▶ [DATA SHOWN]
=== Begin Enclosure ===

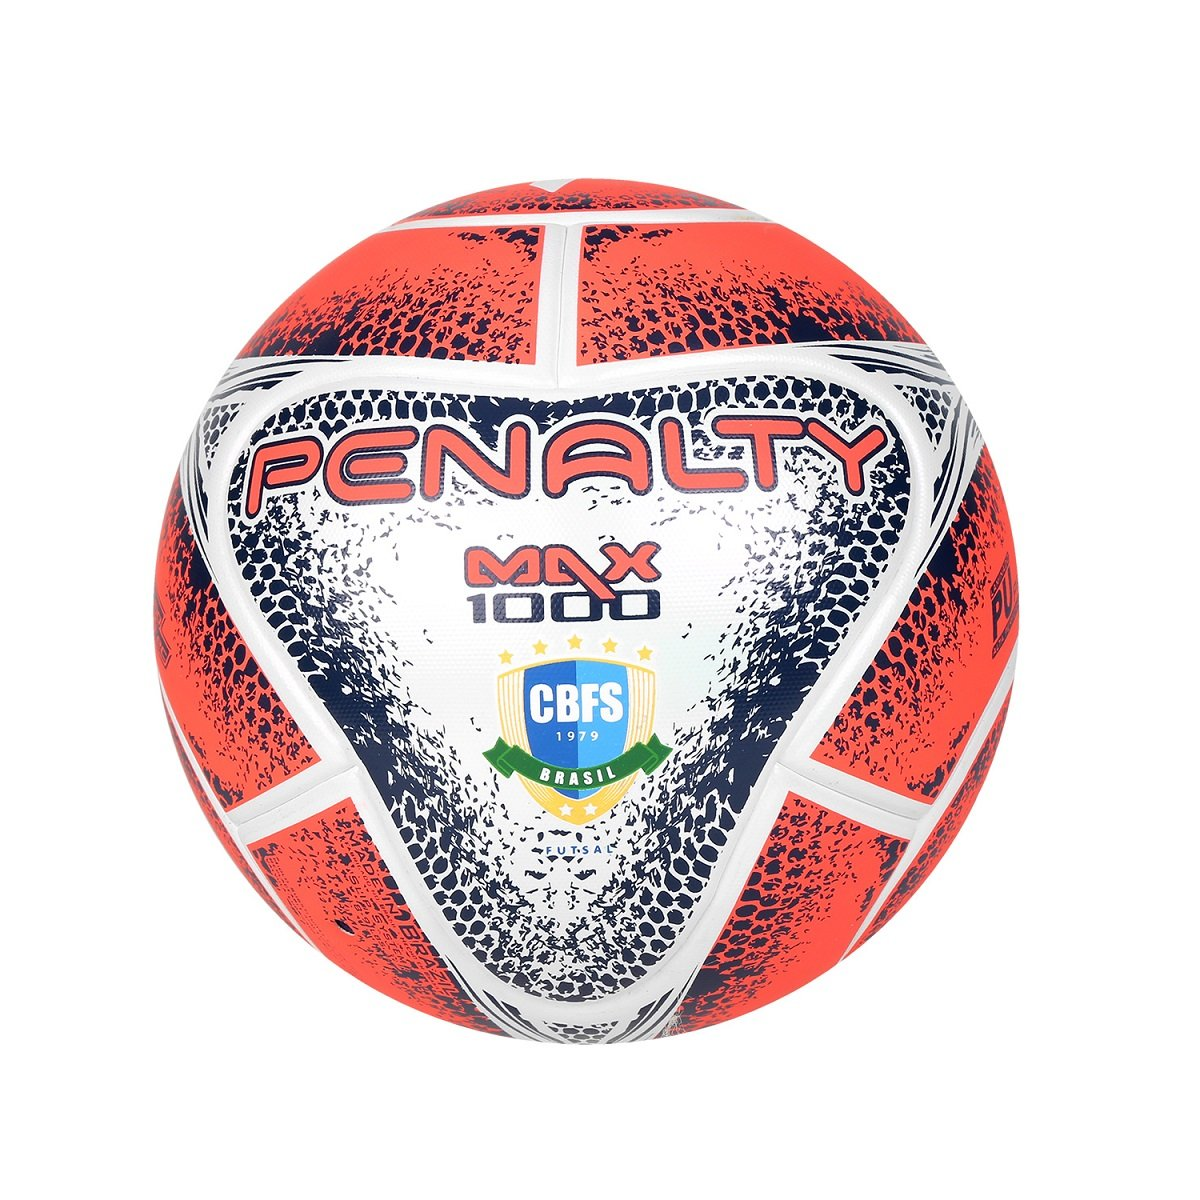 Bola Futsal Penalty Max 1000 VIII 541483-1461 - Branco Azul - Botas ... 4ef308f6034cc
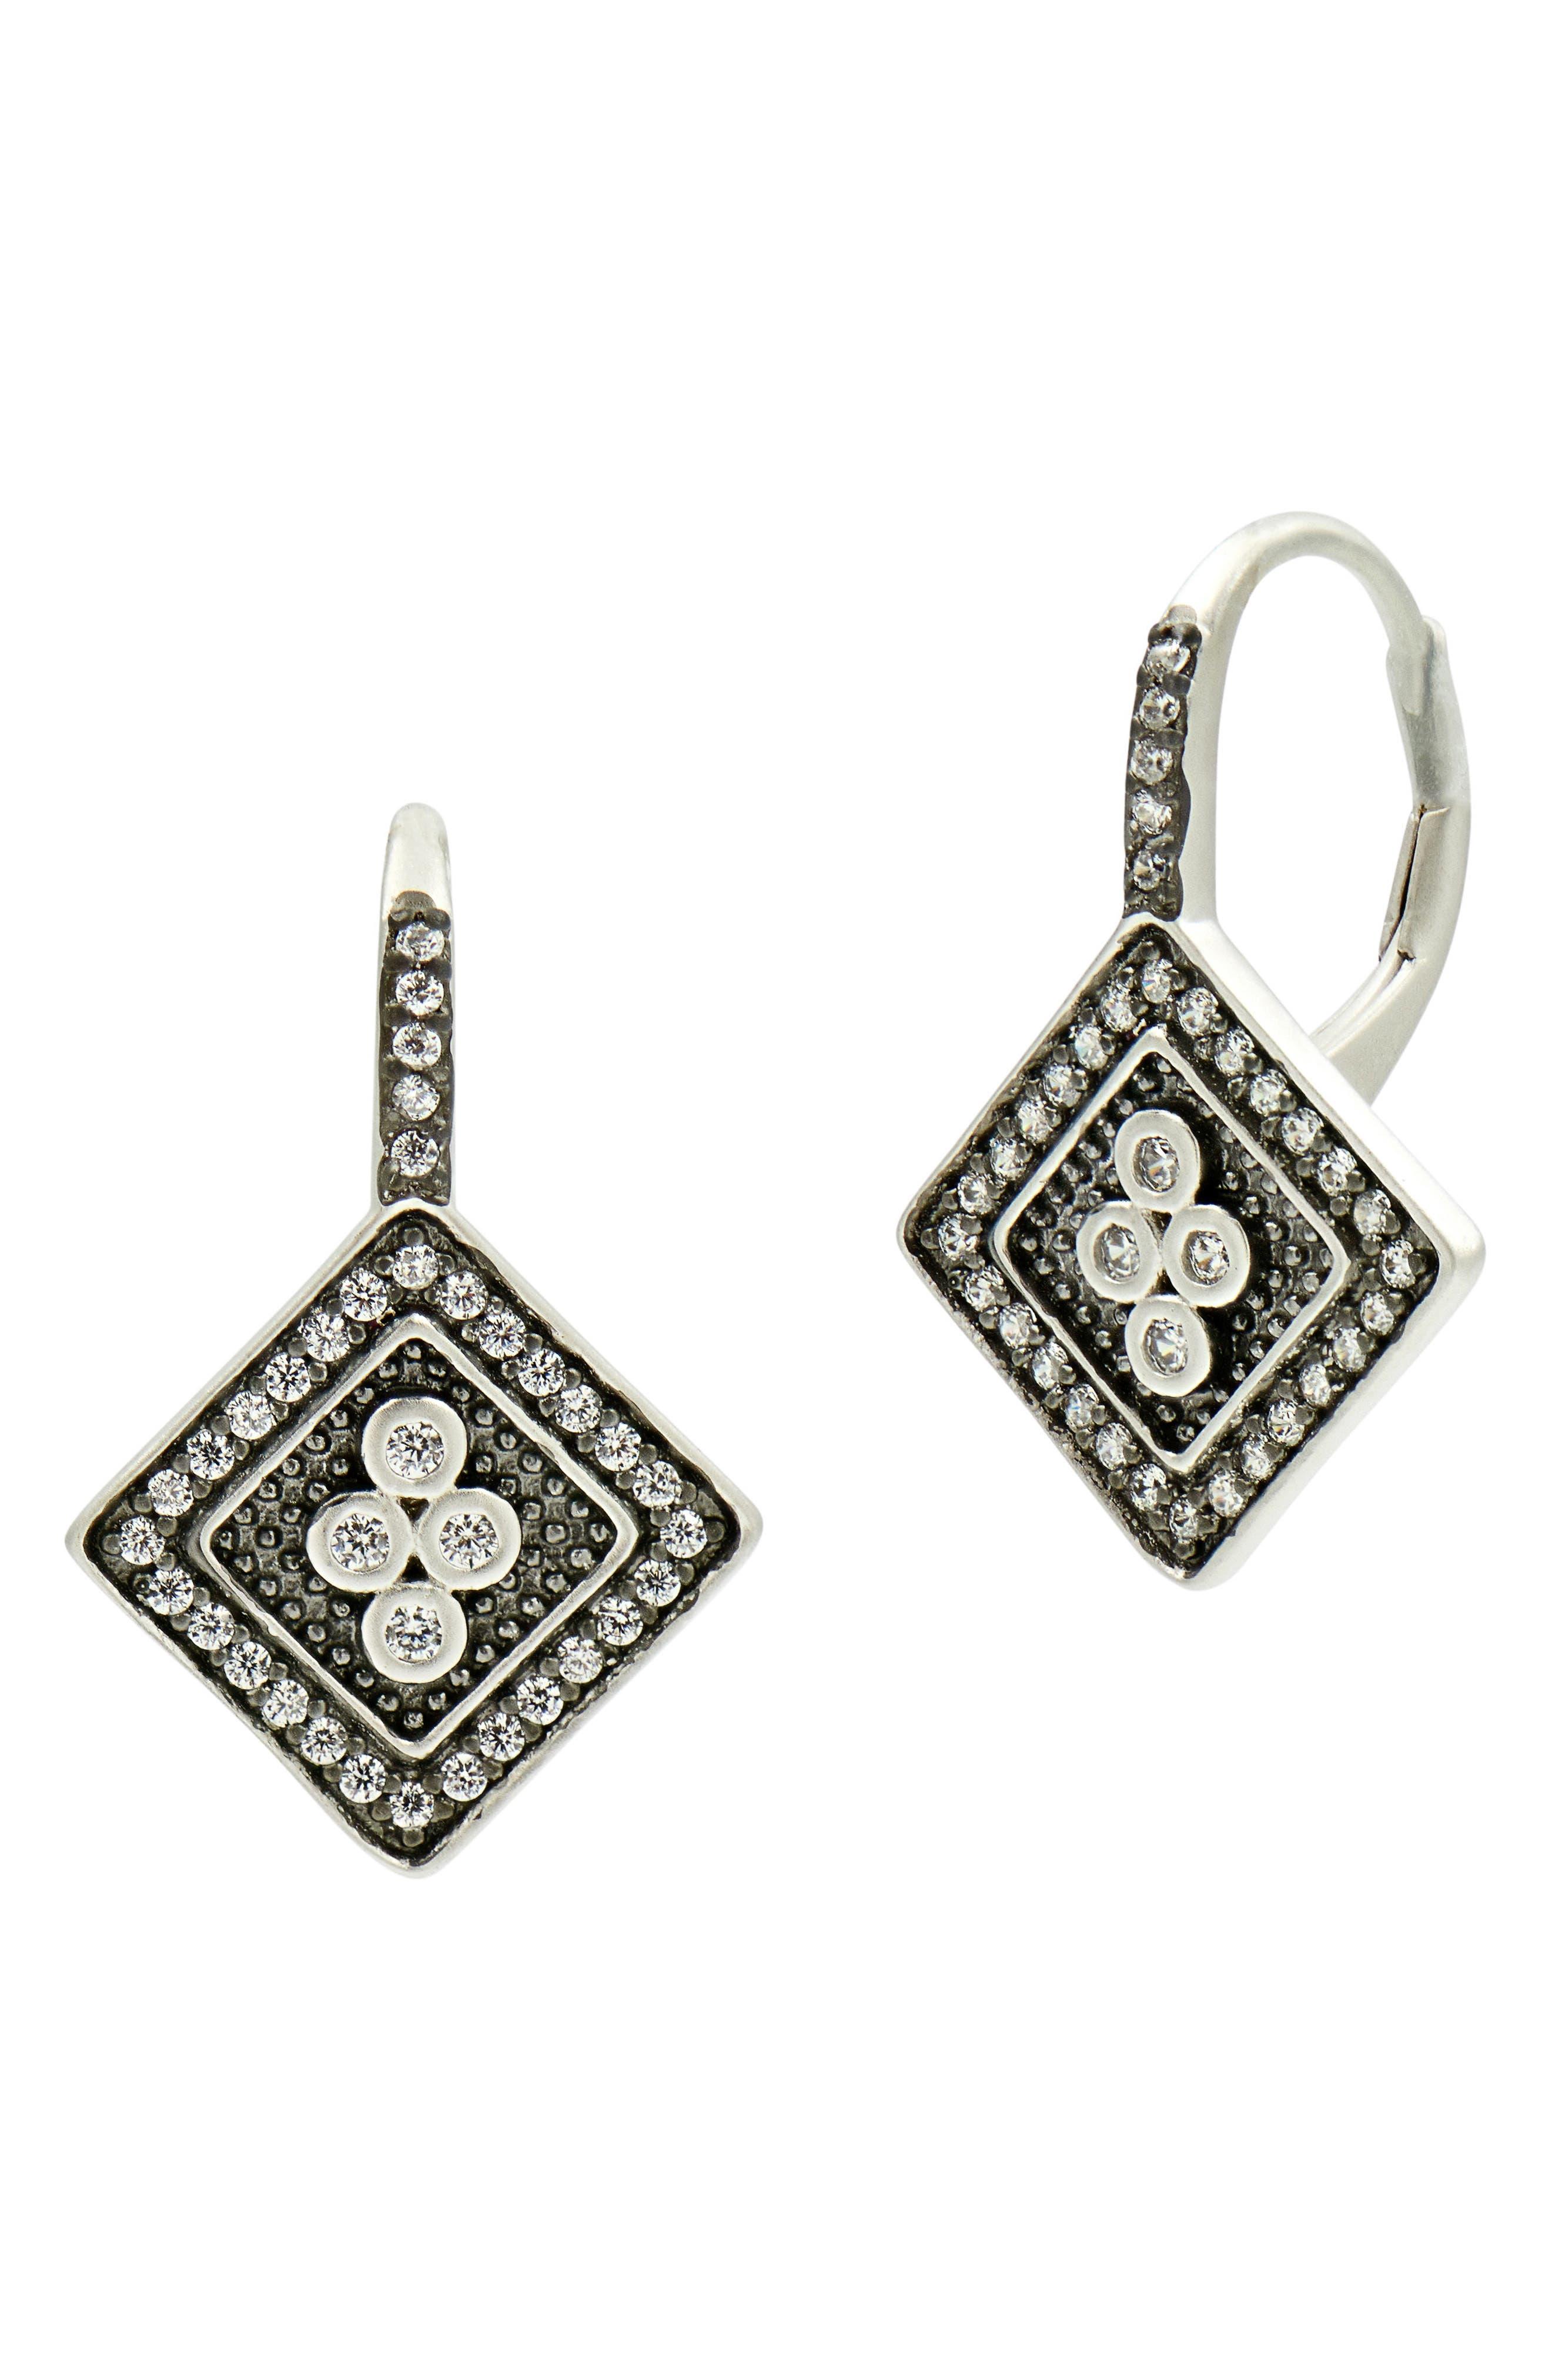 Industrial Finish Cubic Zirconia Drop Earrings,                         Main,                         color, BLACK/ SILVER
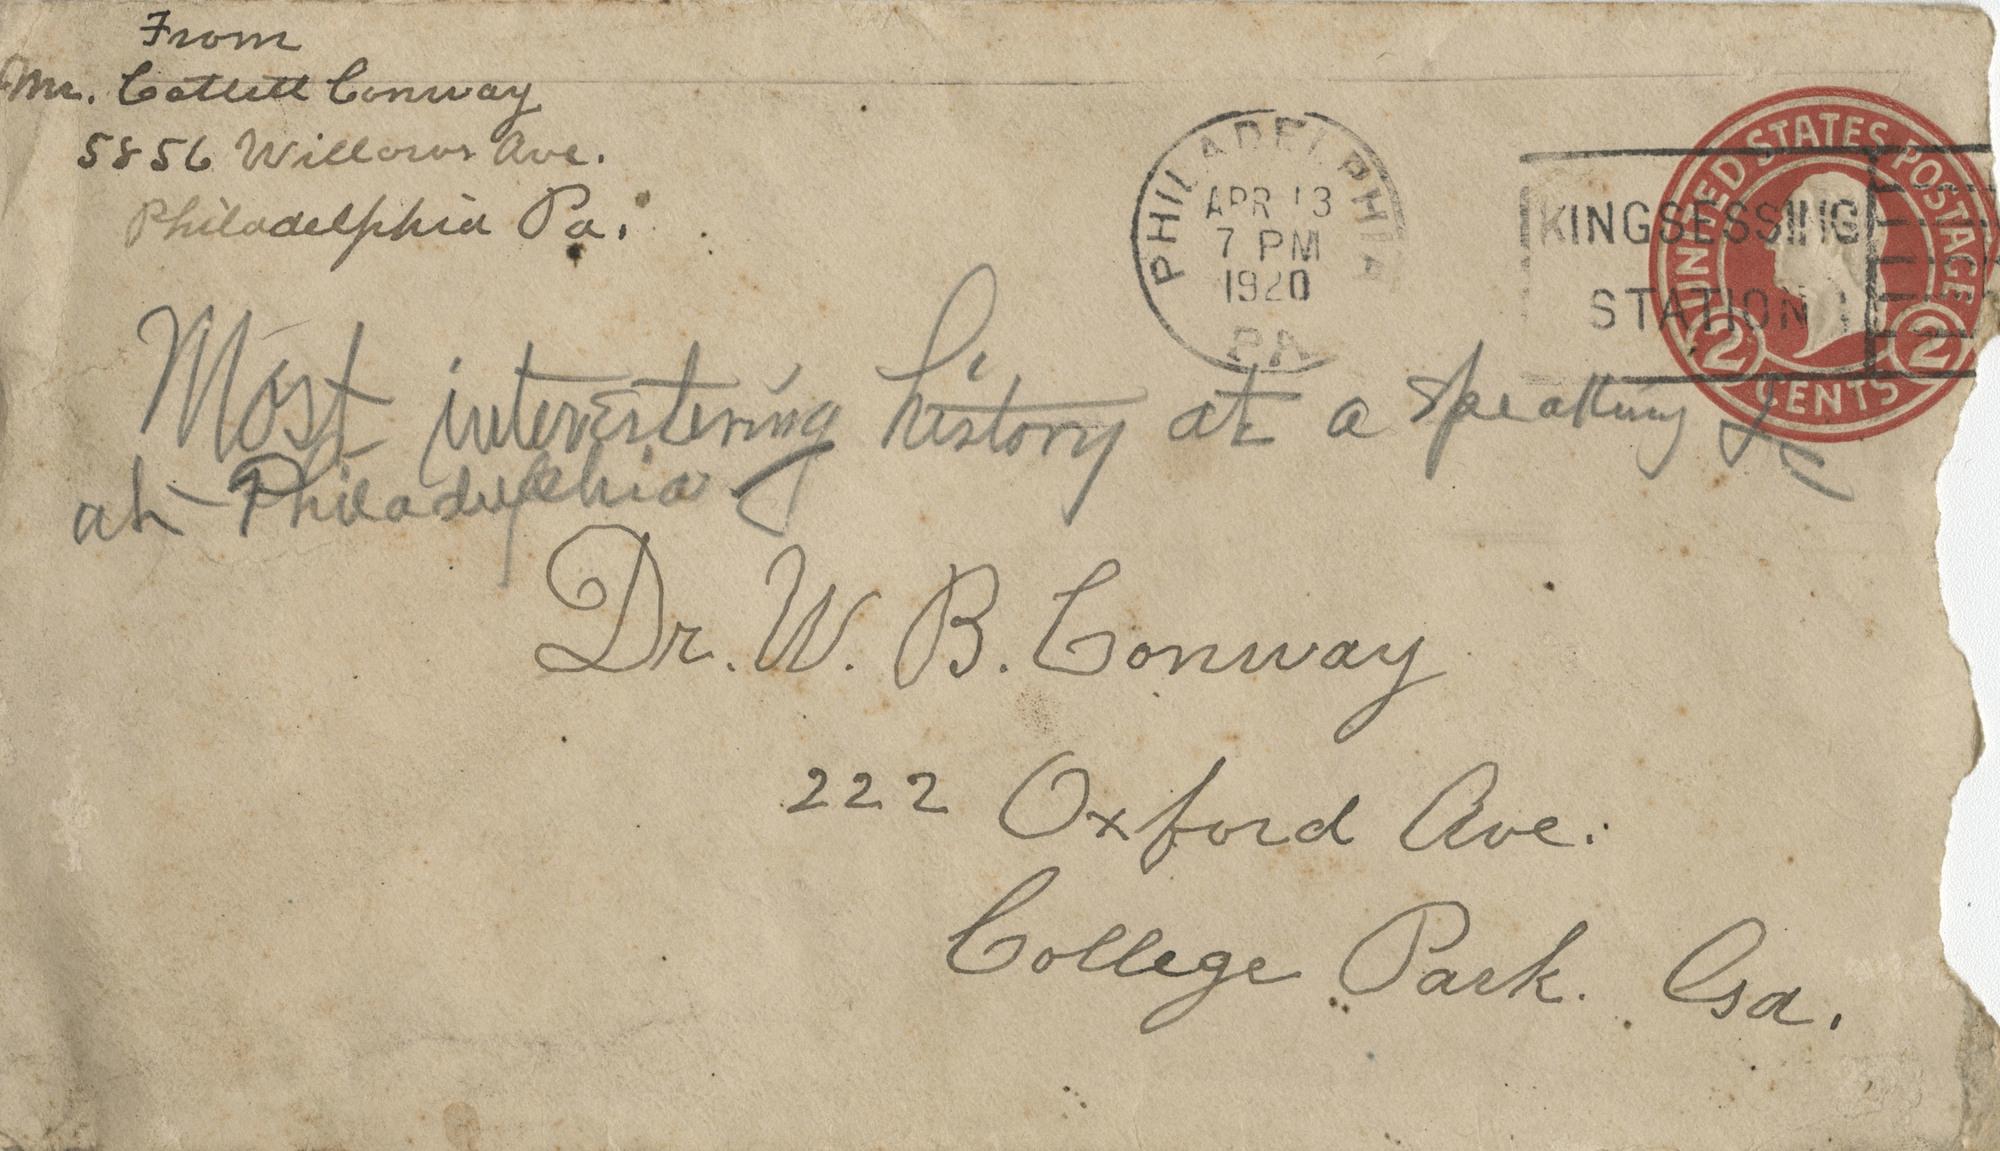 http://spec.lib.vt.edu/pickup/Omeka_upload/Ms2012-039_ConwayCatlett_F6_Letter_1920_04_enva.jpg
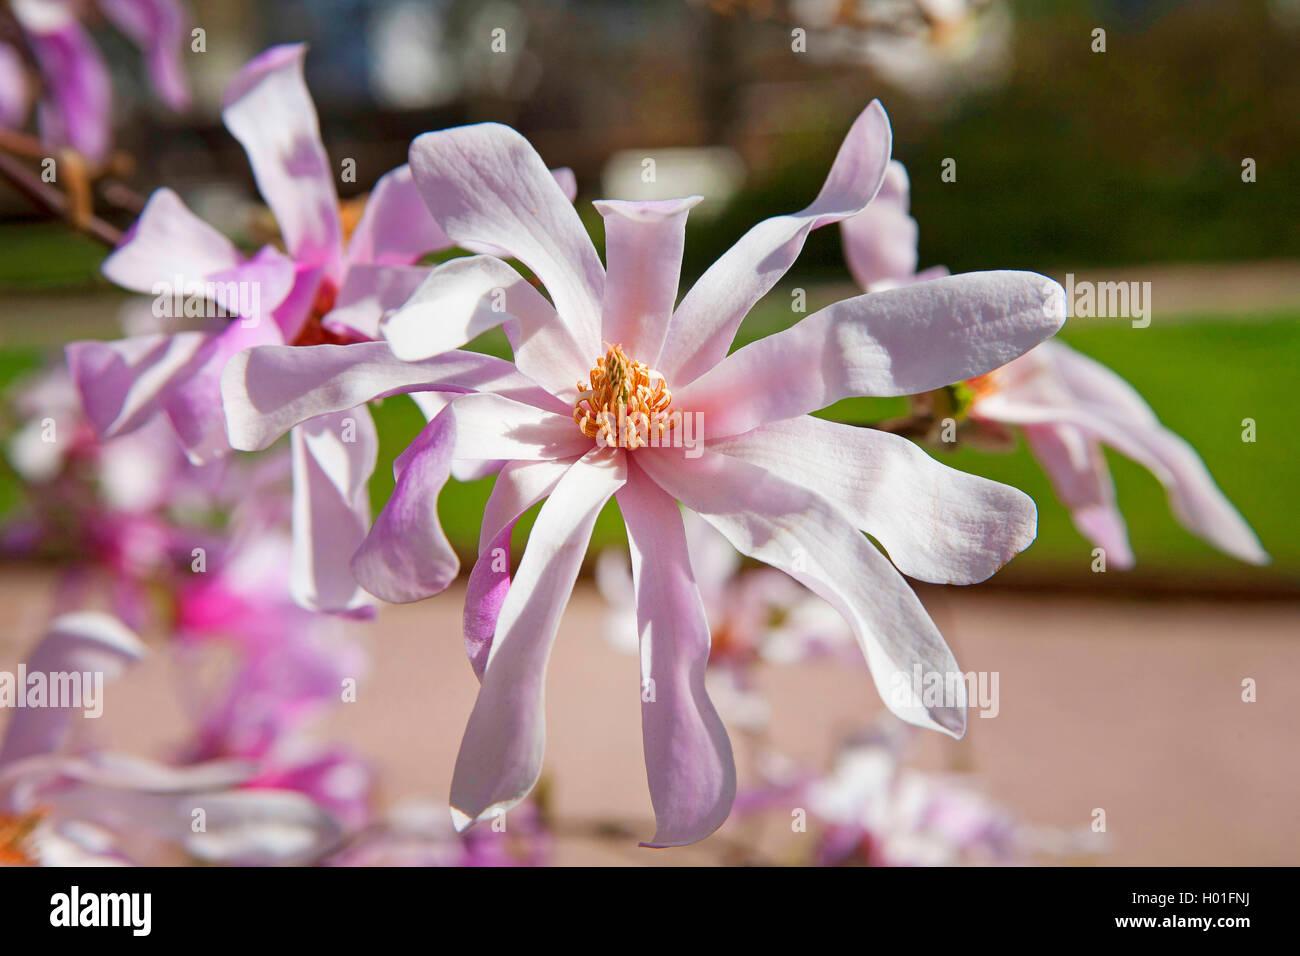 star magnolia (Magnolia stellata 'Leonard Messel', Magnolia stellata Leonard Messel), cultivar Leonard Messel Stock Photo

=== End Enclosure ===

▶ [WHAT THE TASK REQUIRES] Each line of the material needs to be given again exactly, without any of its pictures.

▶ [REPLY TO THE TASK]
 Bola Futsal Penalty Max 1000 VIII 541483-1461 - Branco Azul - Botas ... 4ef308f6034cc
 Industrial Finish Cubic Zirconia Drop Earrings,                         Main,                         color, BLACK/ SILVER
 http://spec.lib.vt.edu/pickup/Omeka_upload/Ms2012-039_ConwayCatlett_F6_Letter_1920_04_enva.jpg
 star magnolia (Magnolia stellata 'Leonard Messel', Magnolia stellata Leonard Messel), cultivar Leonard Messel Stock Photo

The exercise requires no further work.